* [WHAT TO DO] Would you write out the lines below exactly, from the one containing "שחזור רהיטים - שחזור שולחן - רסטורנו" to the very last, but without the pictures?

* [DATASET EXCERPT]
----
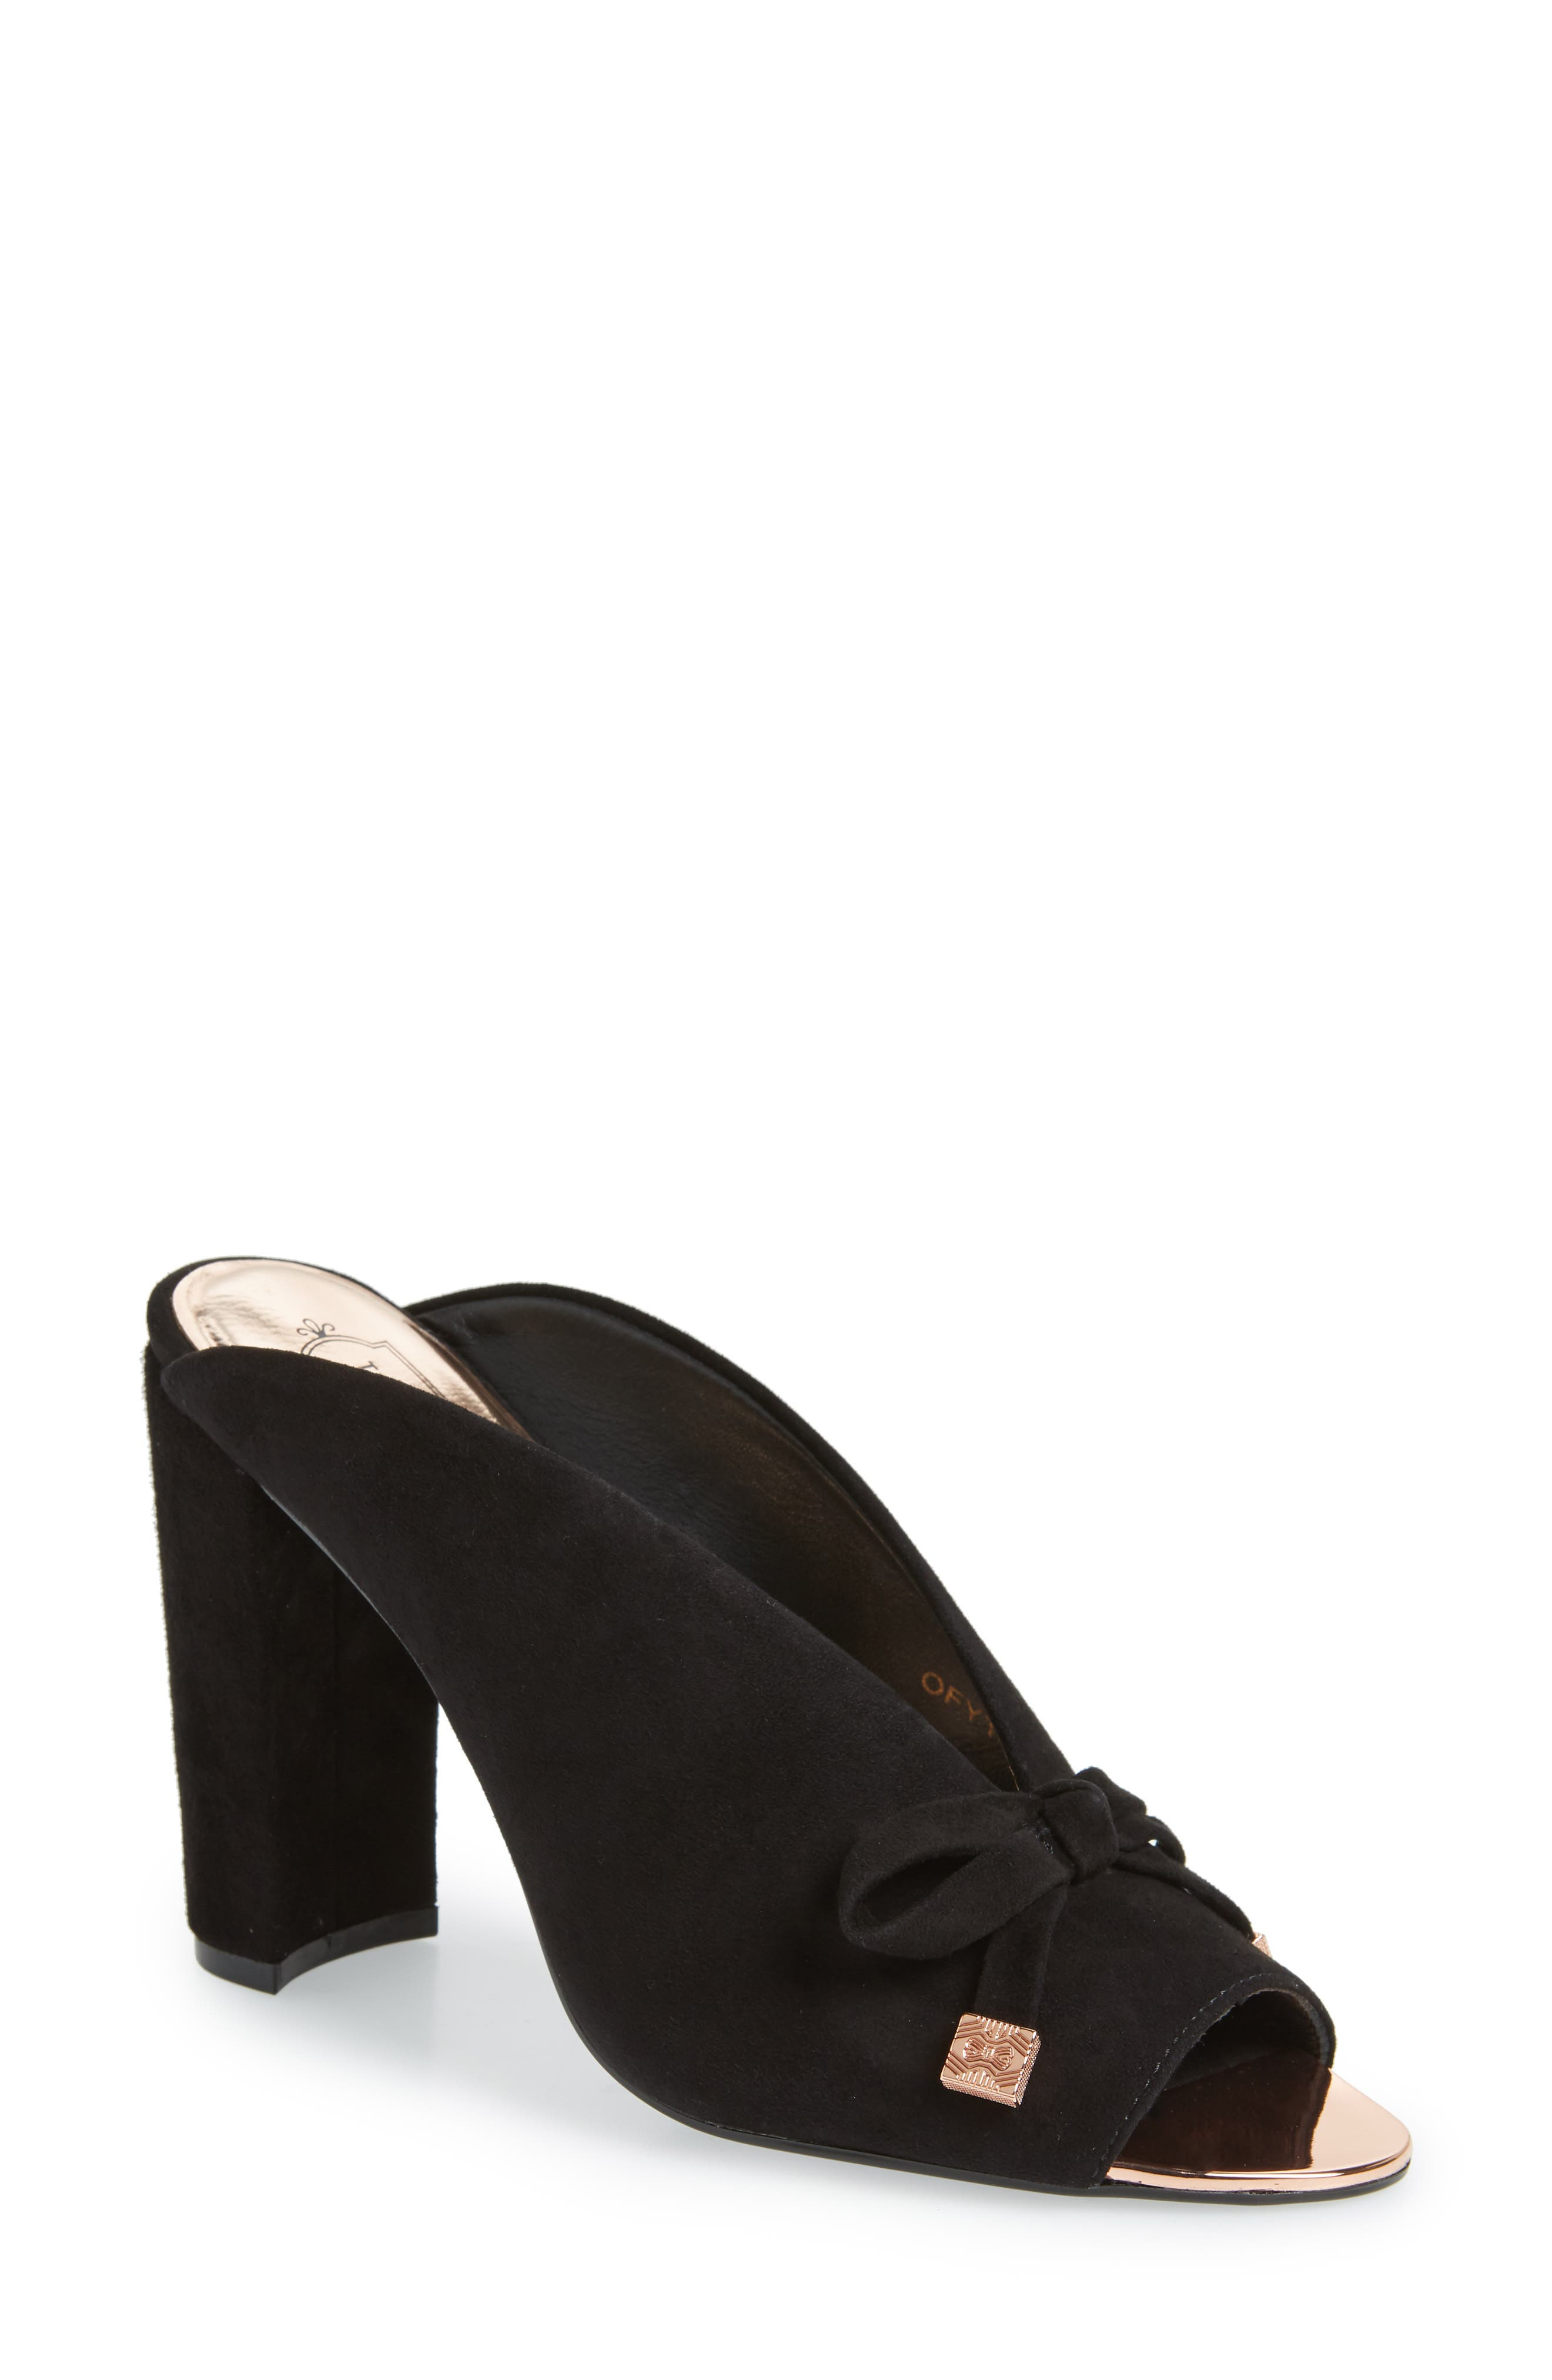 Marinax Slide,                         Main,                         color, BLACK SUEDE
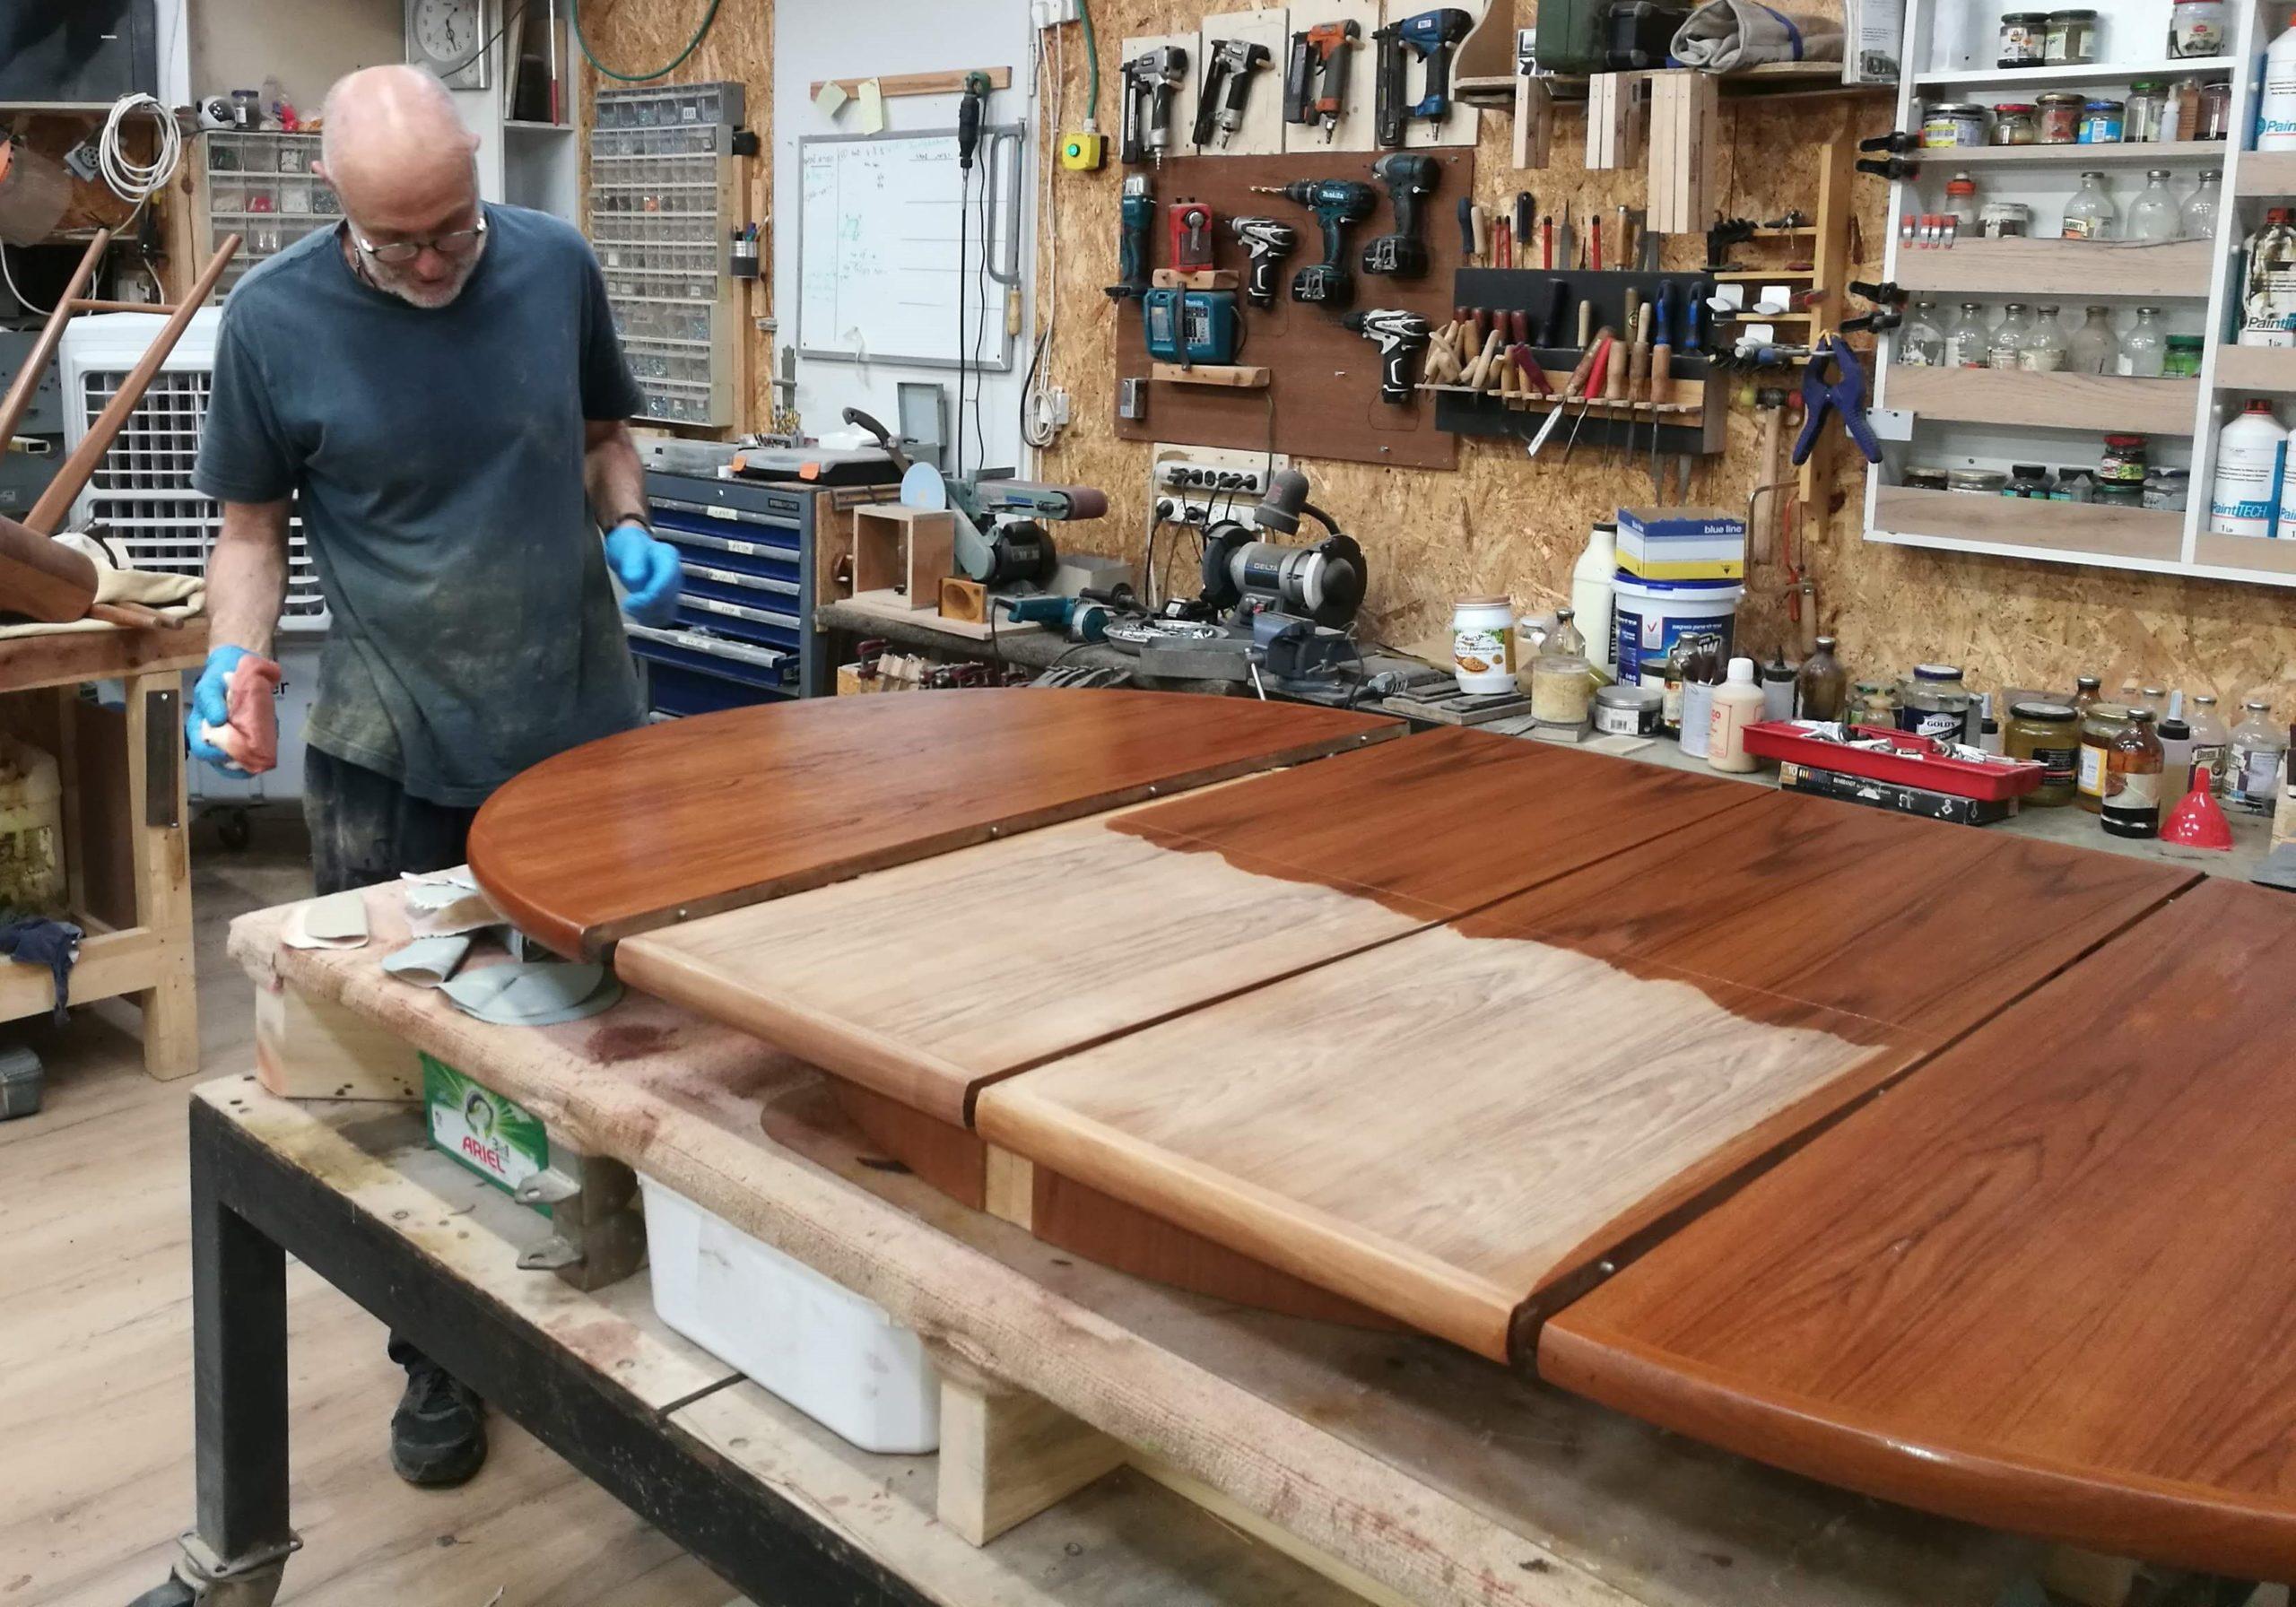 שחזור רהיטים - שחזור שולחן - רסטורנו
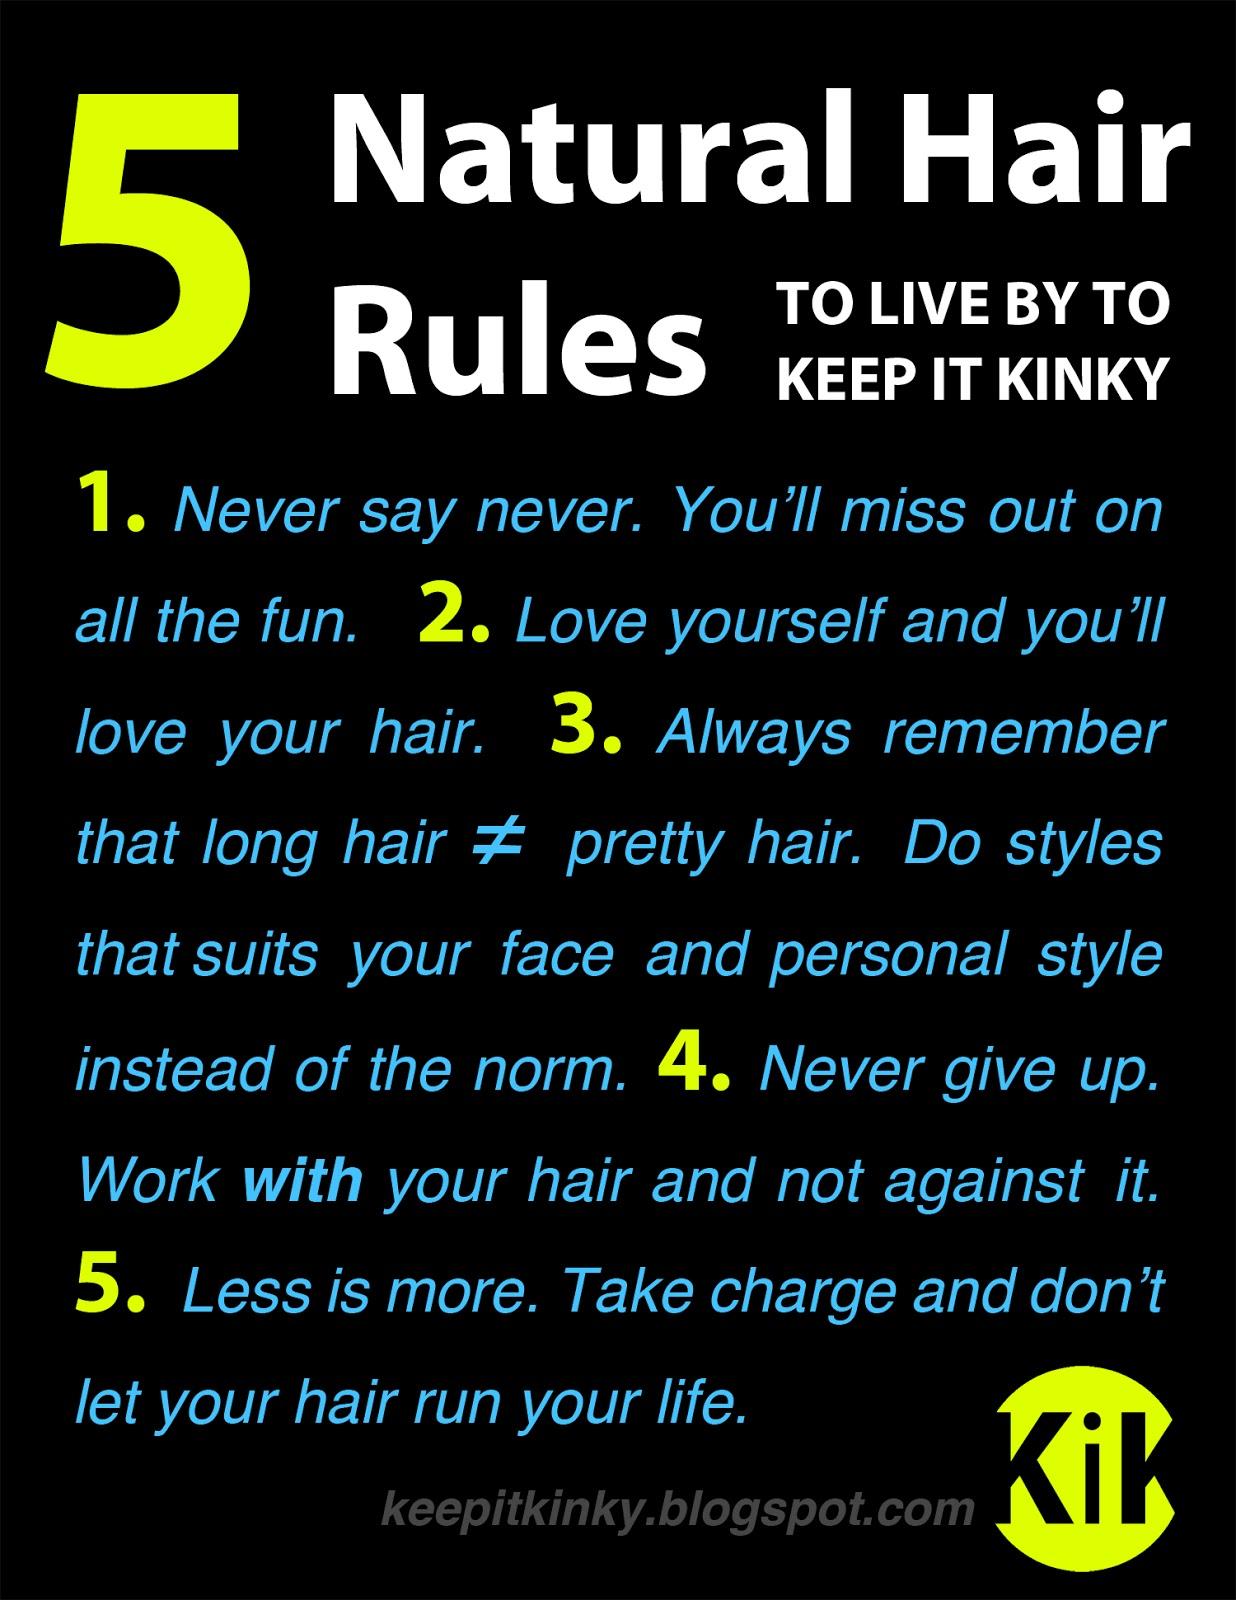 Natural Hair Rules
----
* [RESPONSE AREA]
 שחזור רהיטים - שחזור שולחן - רסטורנו
 Natural Hair Rules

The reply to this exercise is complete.